> [WORK TO COMPLETE] Make an exact copy of the lines from the one containing "1239. Н. Табидзе 18 сентября 1953" through the end of the records below, and leave out every picture.

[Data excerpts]
----------------------------------------

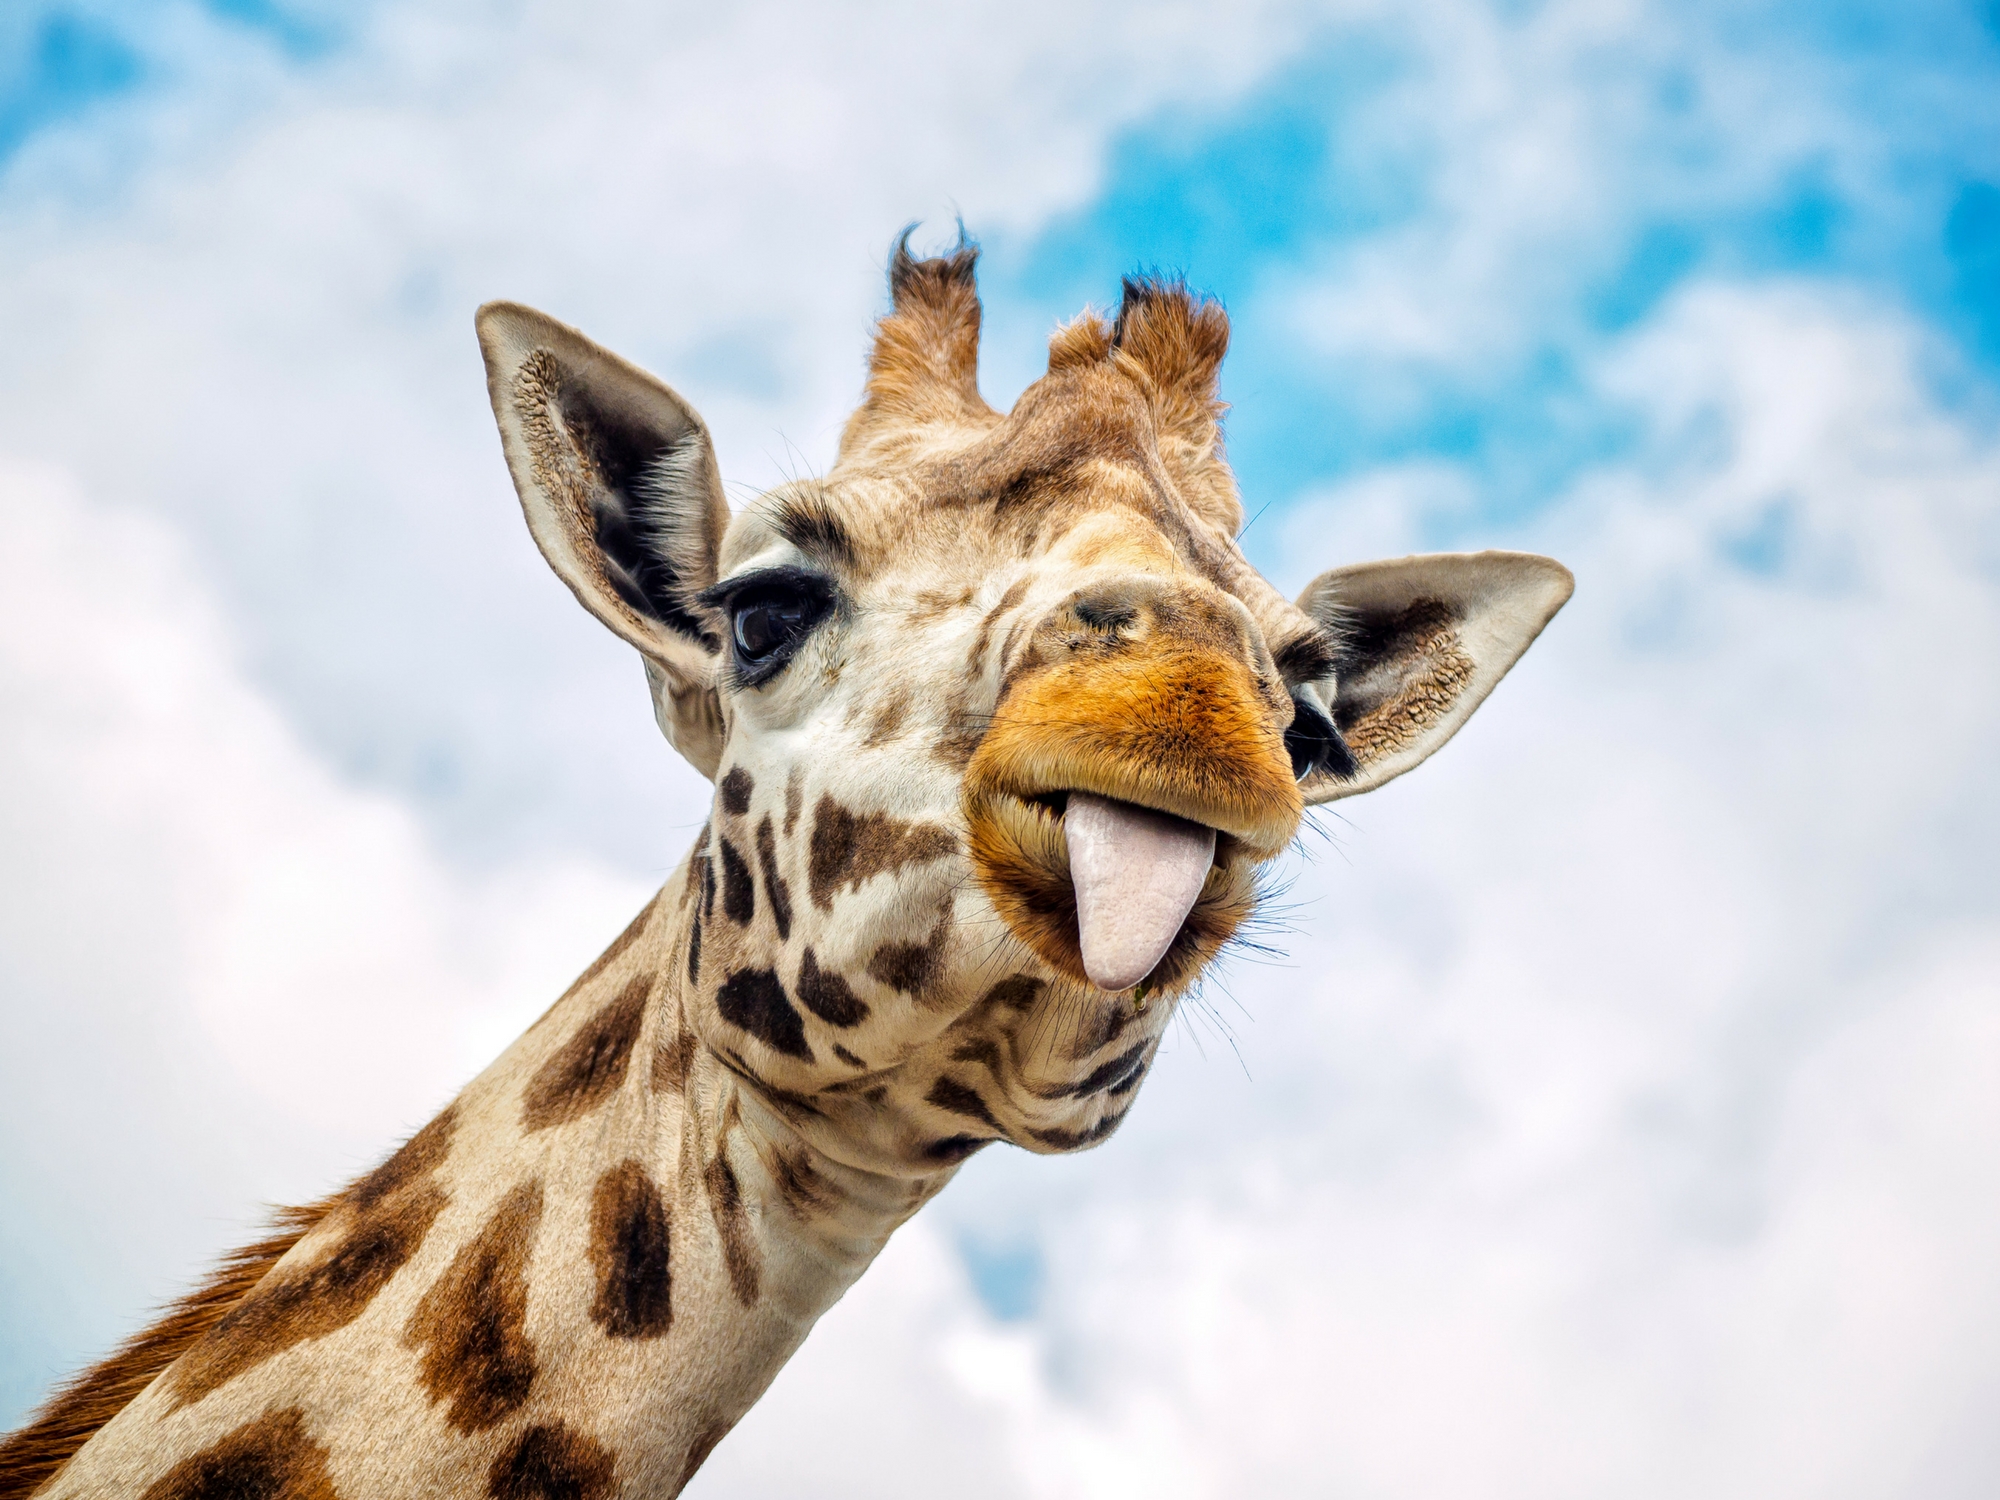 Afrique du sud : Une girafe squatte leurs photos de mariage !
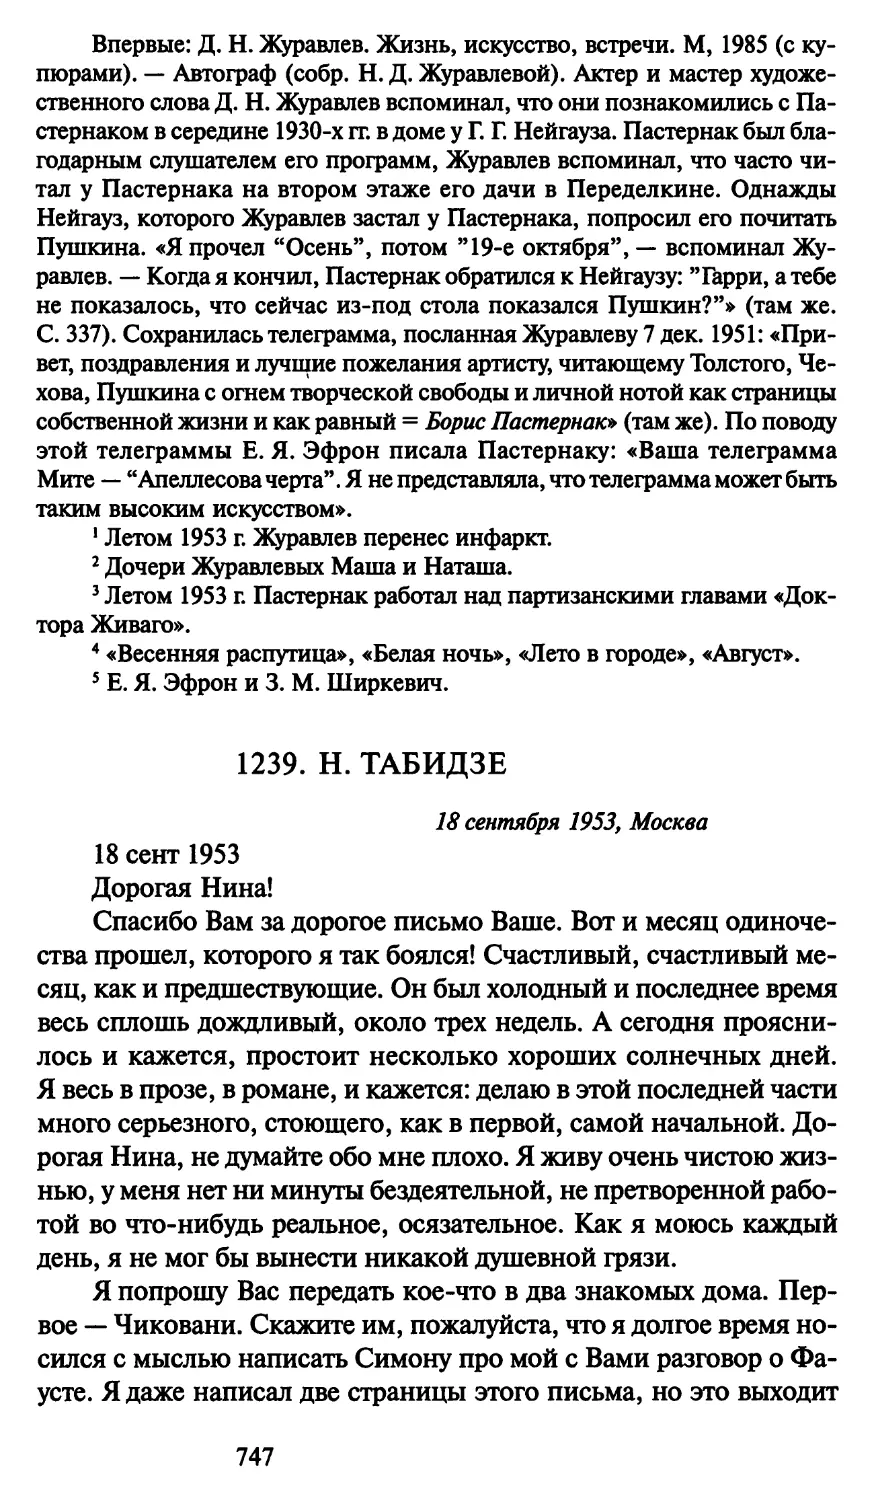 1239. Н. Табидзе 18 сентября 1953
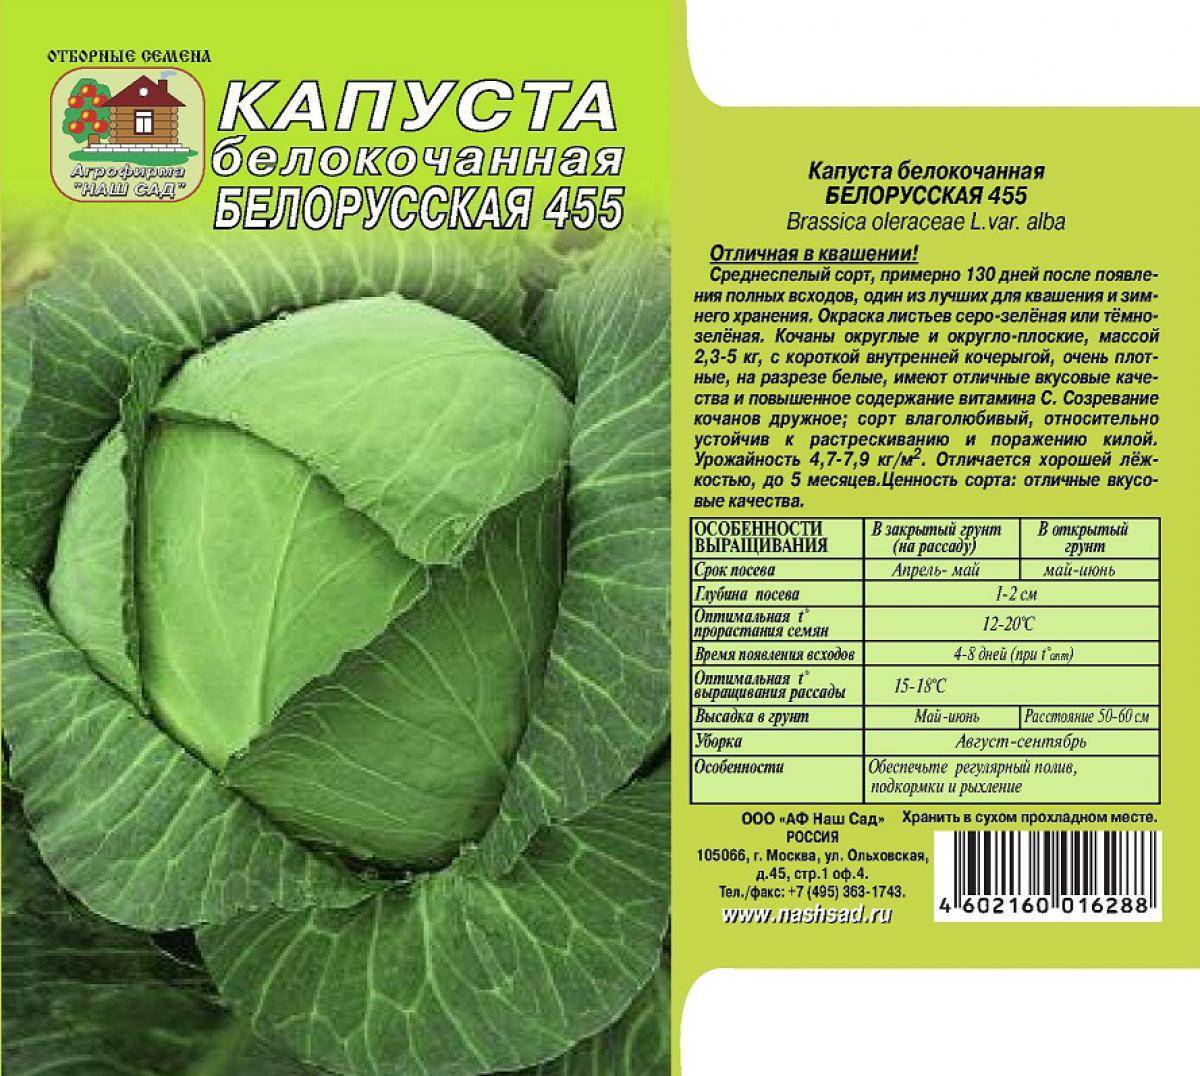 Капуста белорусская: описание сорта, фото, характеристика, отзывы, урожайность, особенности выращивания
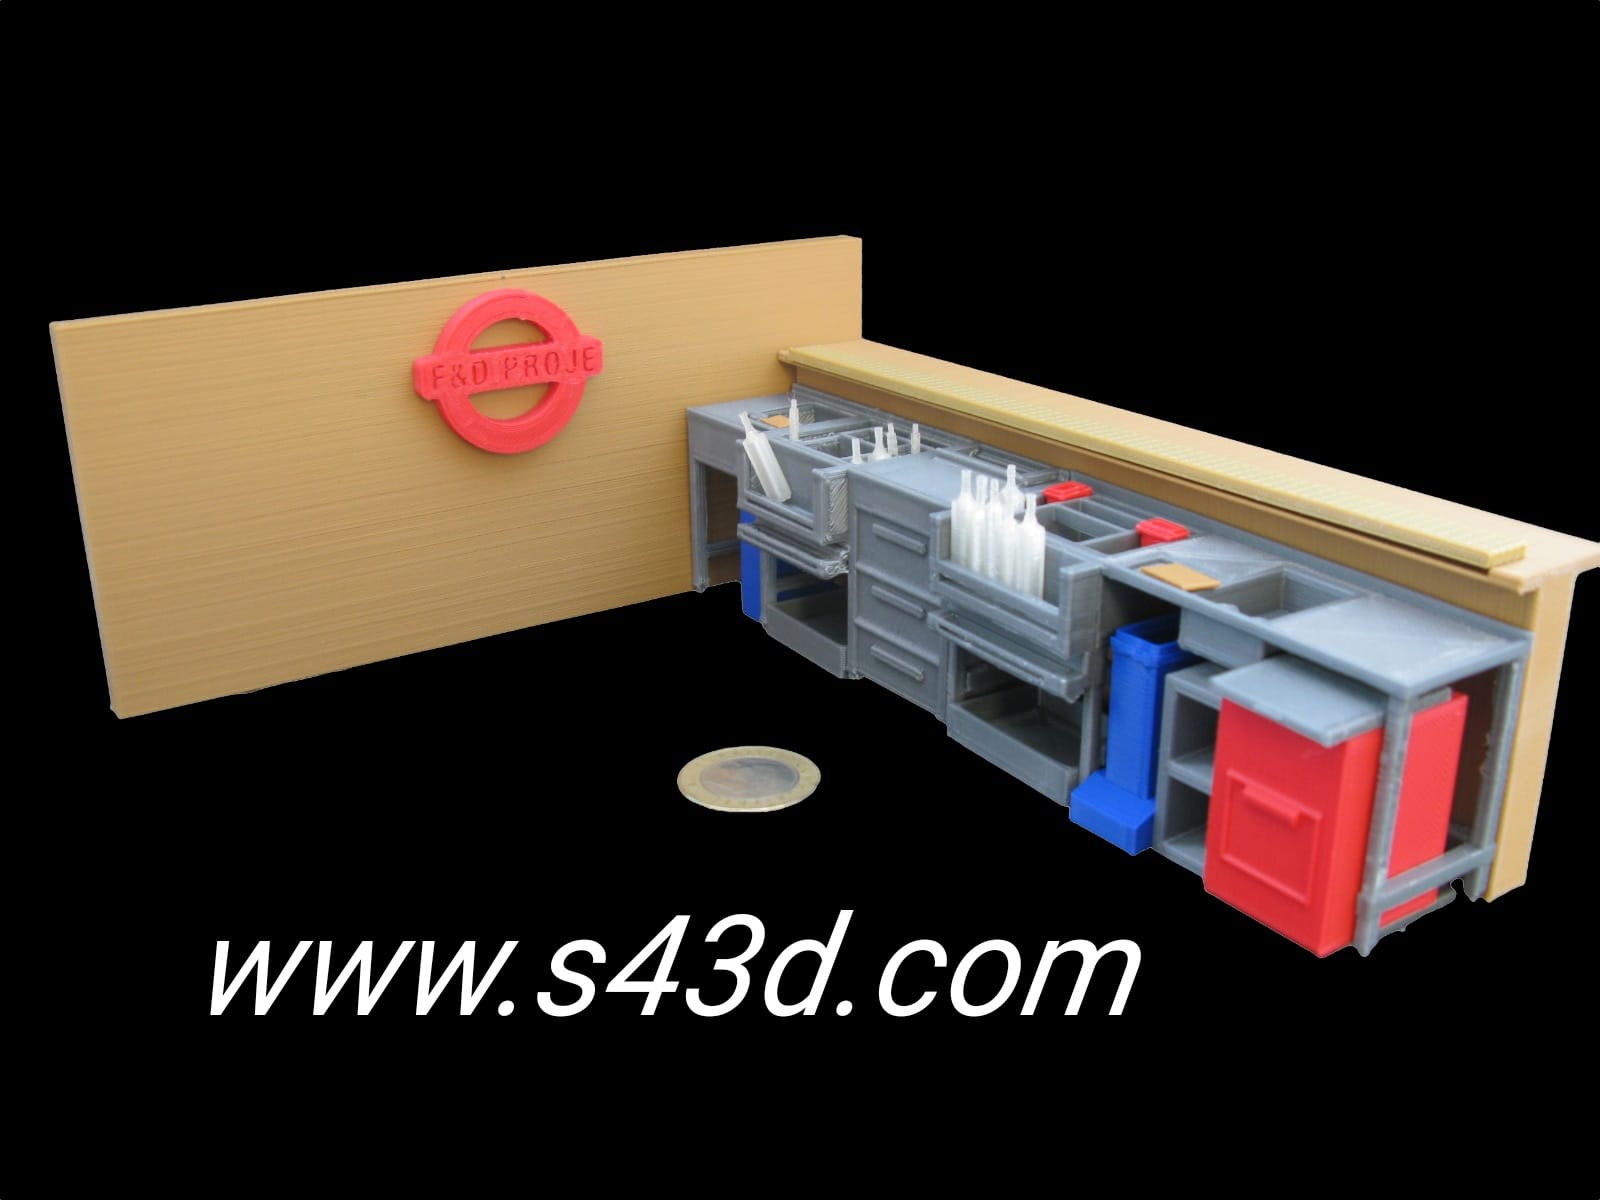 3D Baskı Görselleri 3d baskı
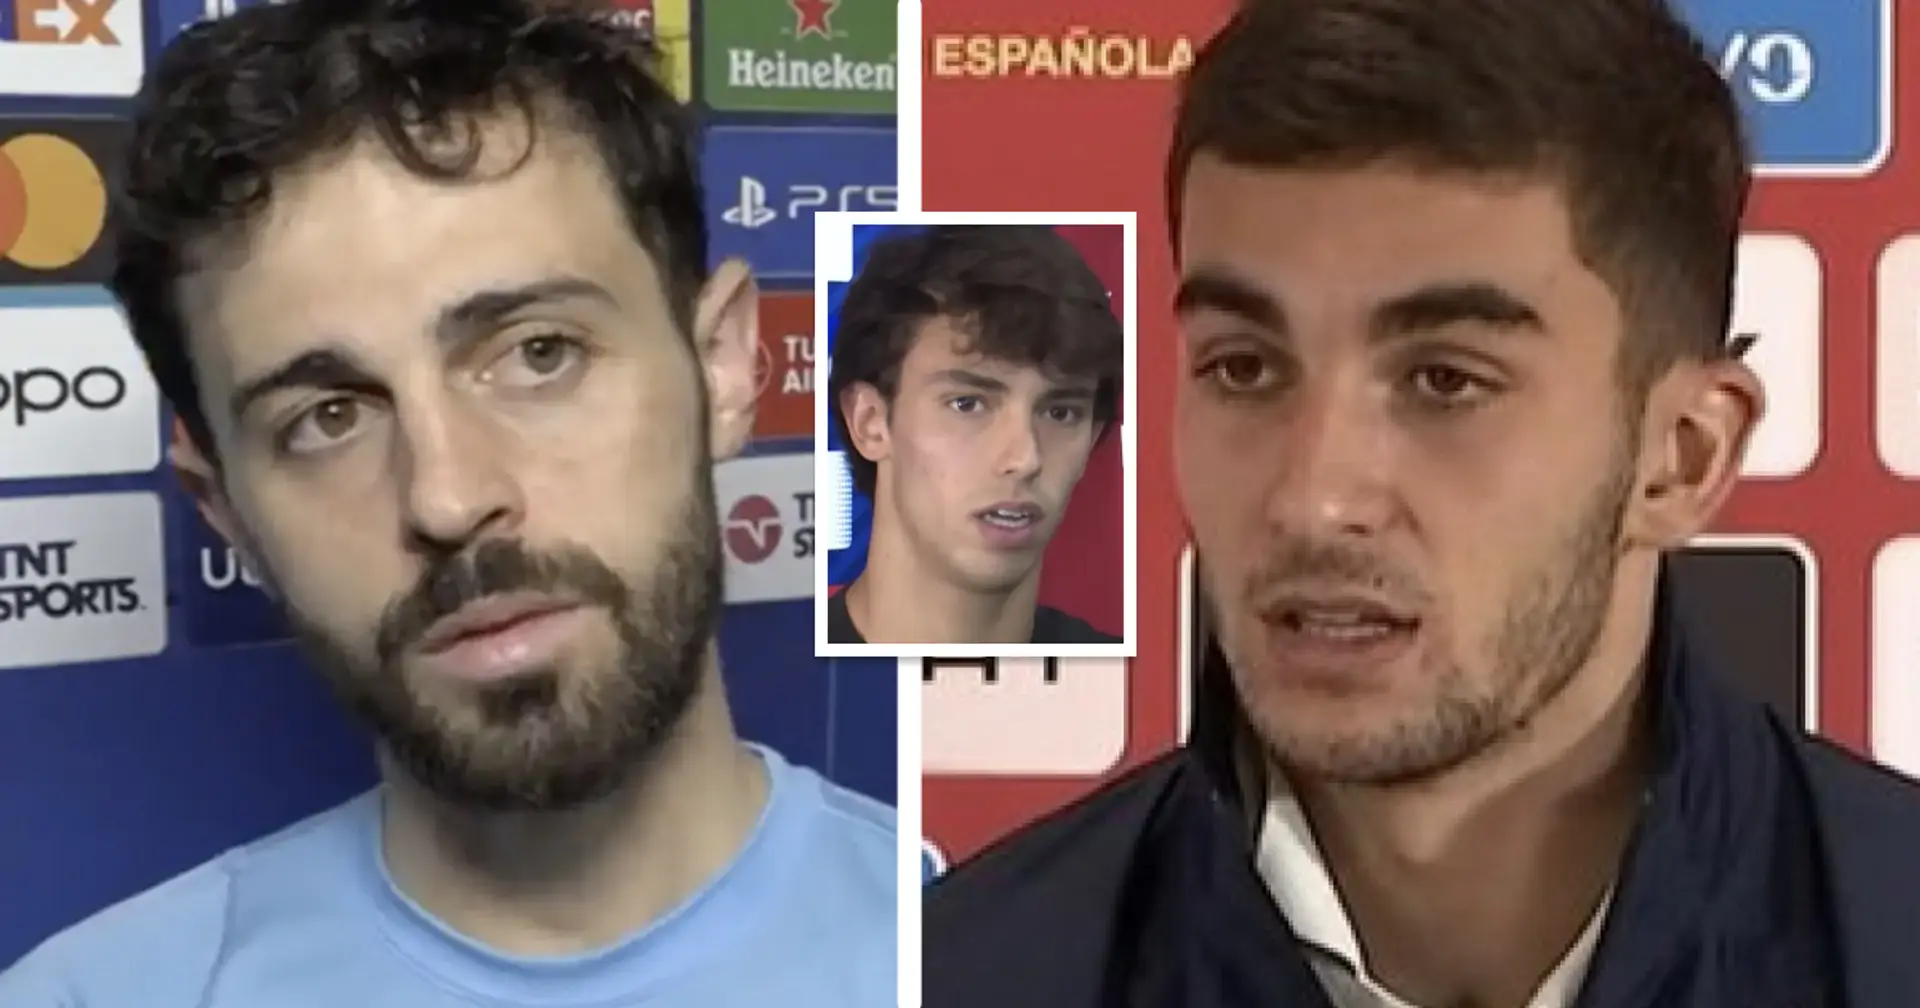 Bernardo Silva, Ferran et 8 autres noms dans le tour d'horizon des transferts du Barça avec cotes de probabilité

----------------------------------------

> [ANSWER BELOW]
 1239. Н. Табидзе 18 сентября 1953
 Капуста белорусская: описание сорта, фото, характеристика, отзывы, урожайность, особенности выращивания
 3D Baskı Görselleri 3d baskı
 Bernardo Silva, Ferran et 8 autres noms dans le tour d'horizon des transferts du Barça avec cotes de probabilité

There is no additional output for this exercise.